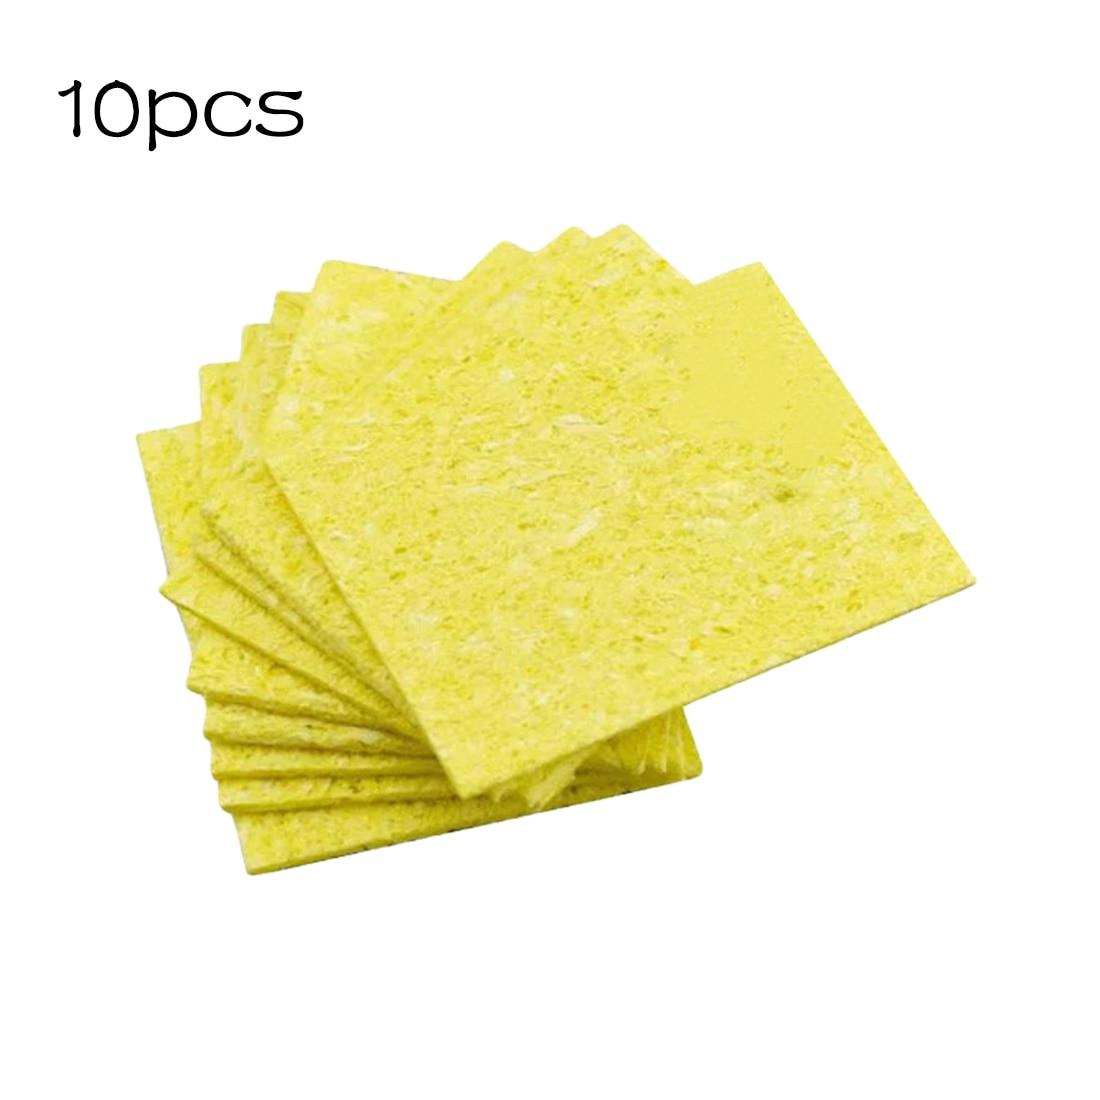 10pcs High Temperature Resistant Heatstable Solder Thick Sponge Soldering Welding Accessories Soldering Iron Cleaning New
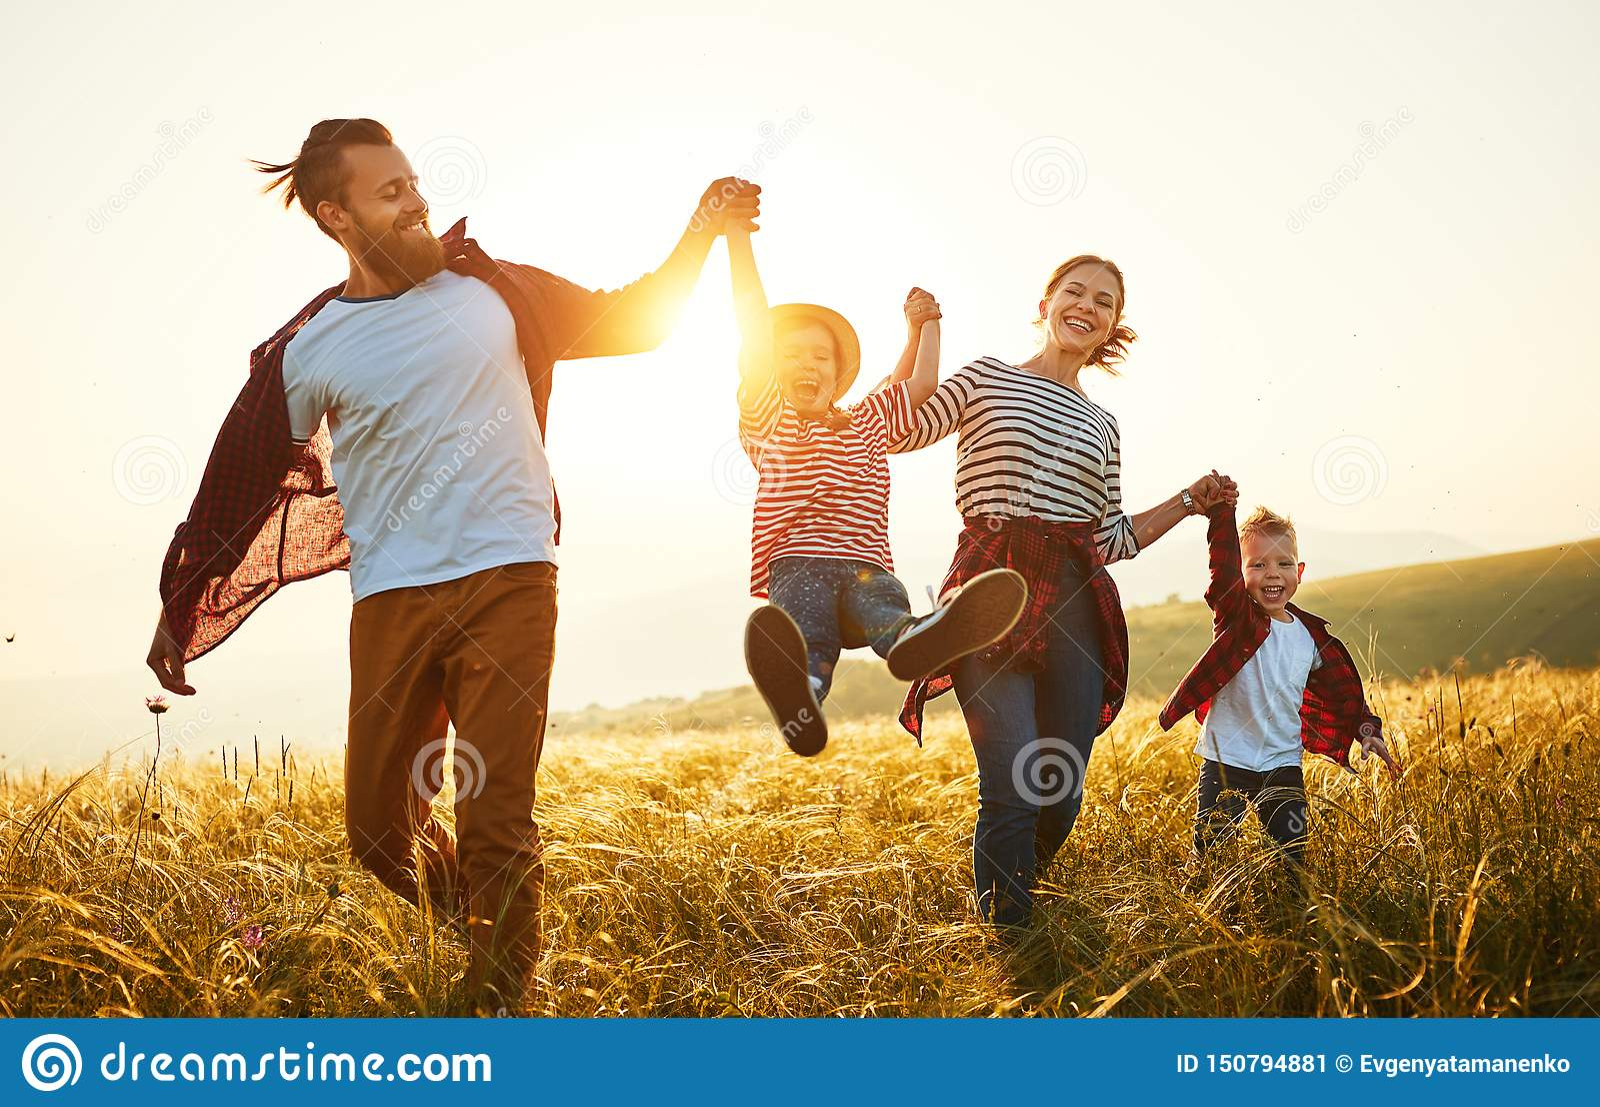 Famiglia felice: madre, padre, bambini figlio e figlia sul tramonto
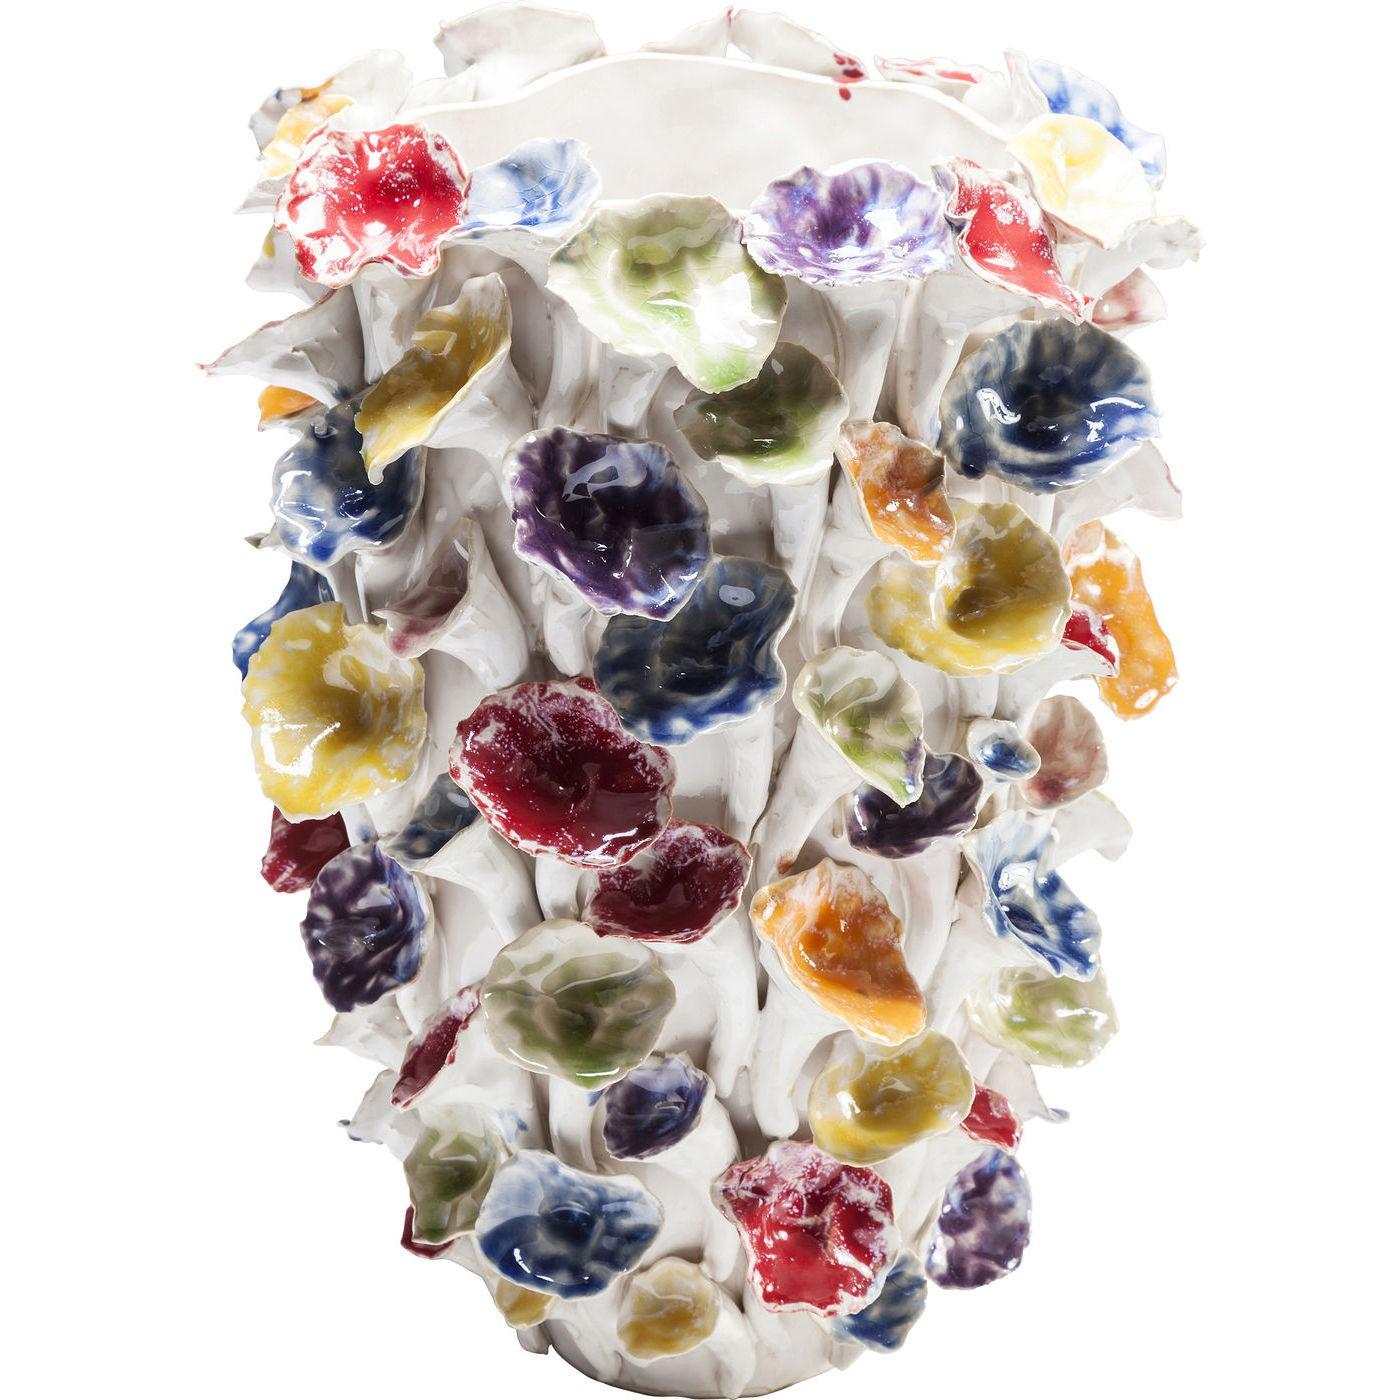 kare design Kare design vase, leaf colore 36 cm på boboonline.dk
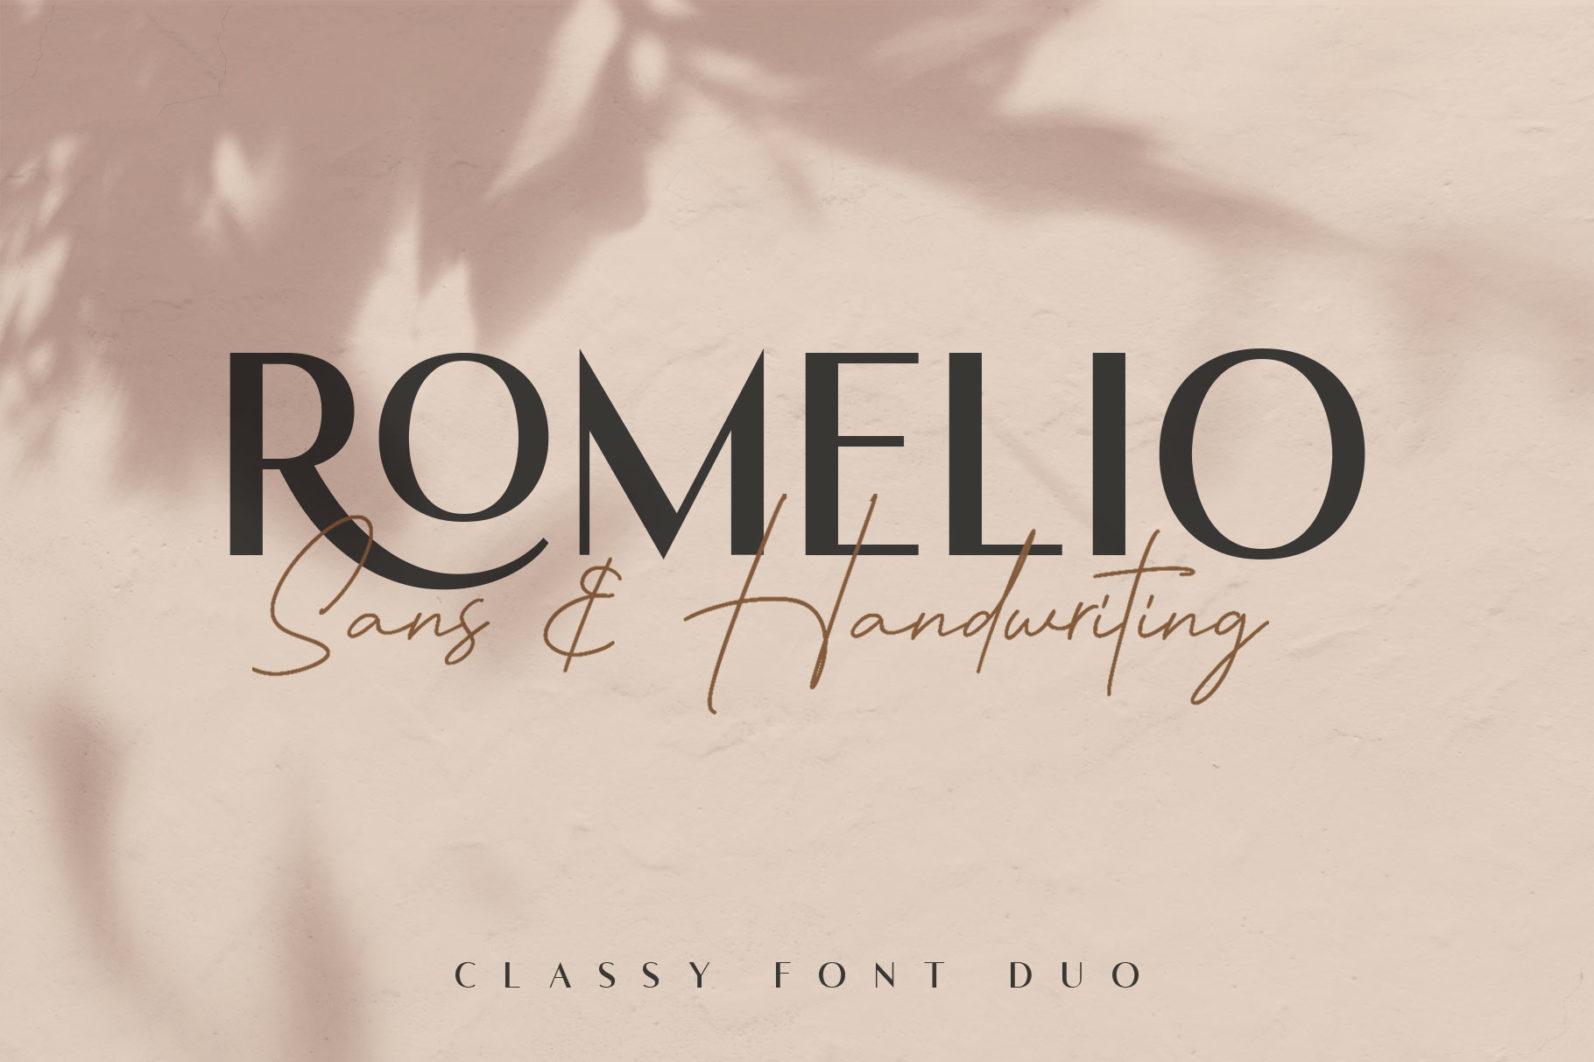 Romelio - Font Duo - 1 326 -
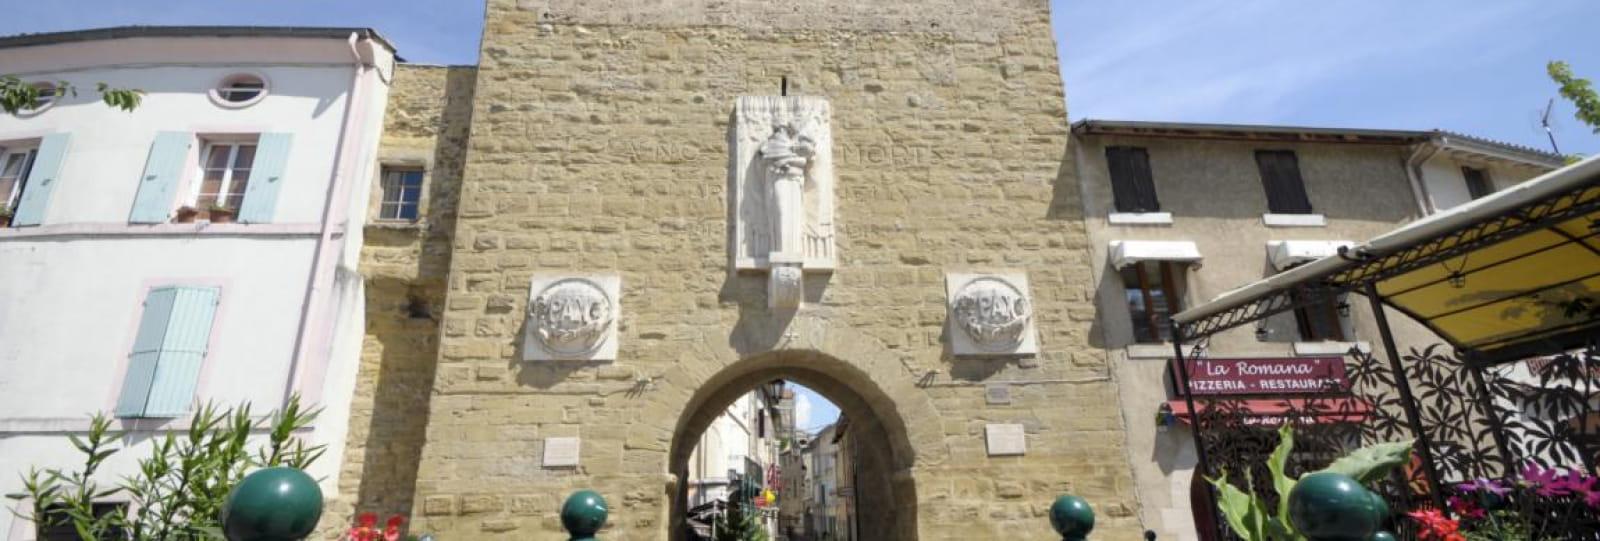 Valence Romans Tourisme : antenne de Chabeuil
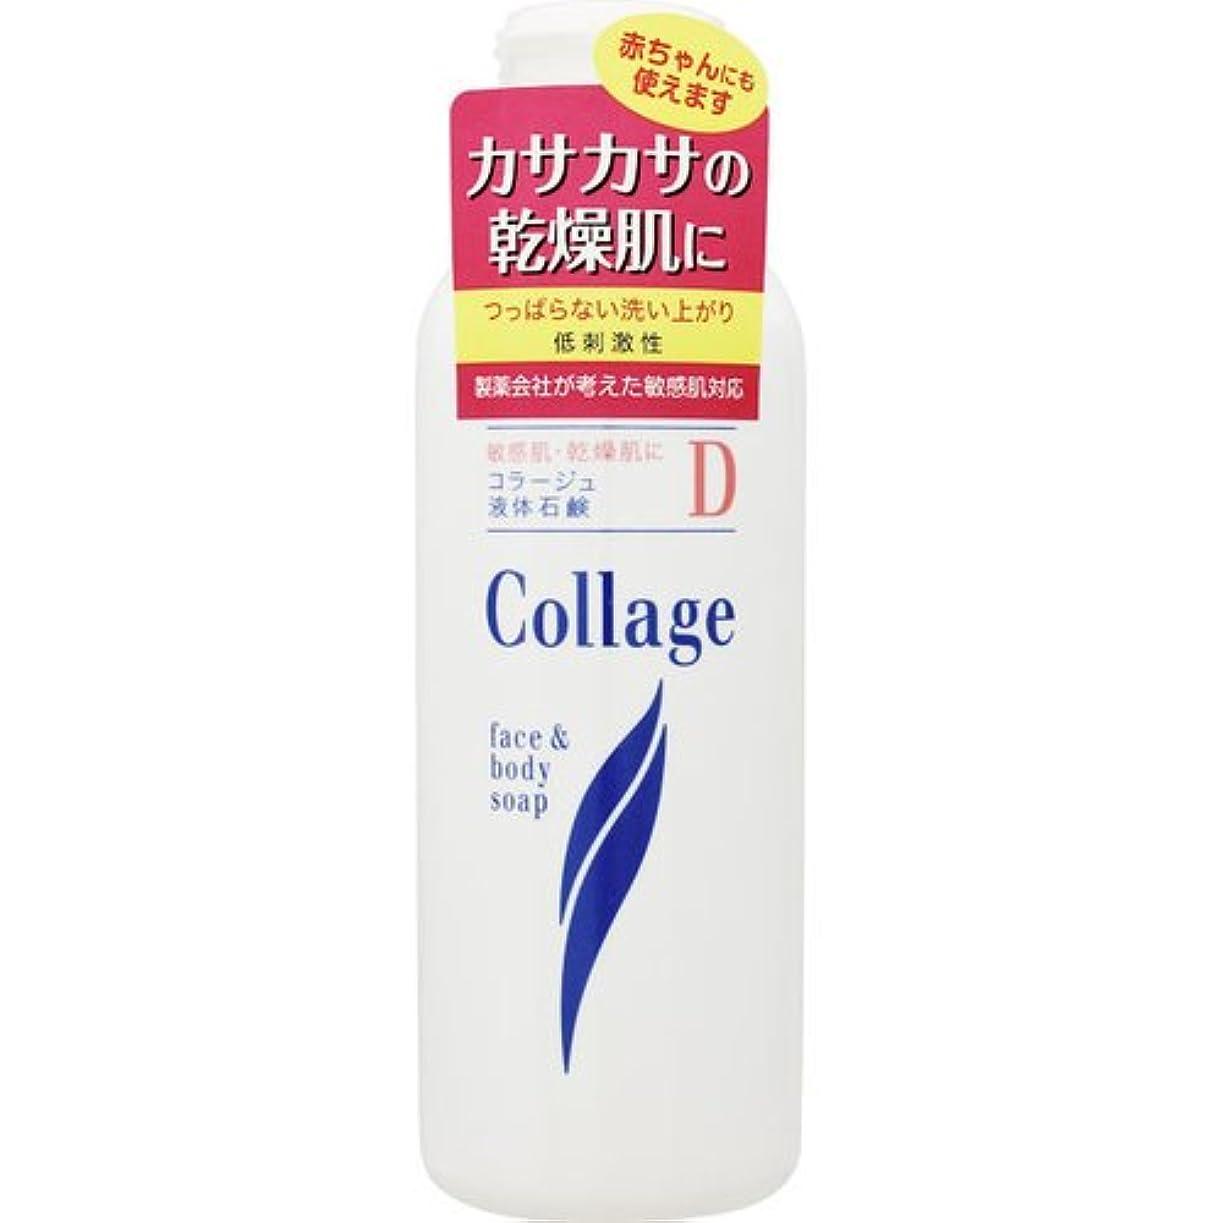 引用バスタブに付ける持田ヘルスケア コラージュD液体石鹸 (200mL) 敏感肌 液体洗顔料 コラージュ
····················
◆ WHAT TO PRODUCE ◆
The lines to return run from the line containing "Famiglia felice: madre, padre, bambini" through the last line of the records. Give them exactly, omitting pictures.

◆ TASK RESPONSE ◆
 Famiglia felice: madre, padre, bambini figlio e figlia sul tramonto
 kare design Kare design vase, leaf colore 36 cm på boboonline.dk
 Romelio - Font Duo - 1 326 -
 Valence Romans Tourisme : antenne de Chabeuil
 引用バスタブに付ける持田ヘルスケア コラージュD液体石鹸 (200mL) 敏感肌 液体洗顔料 コラージュ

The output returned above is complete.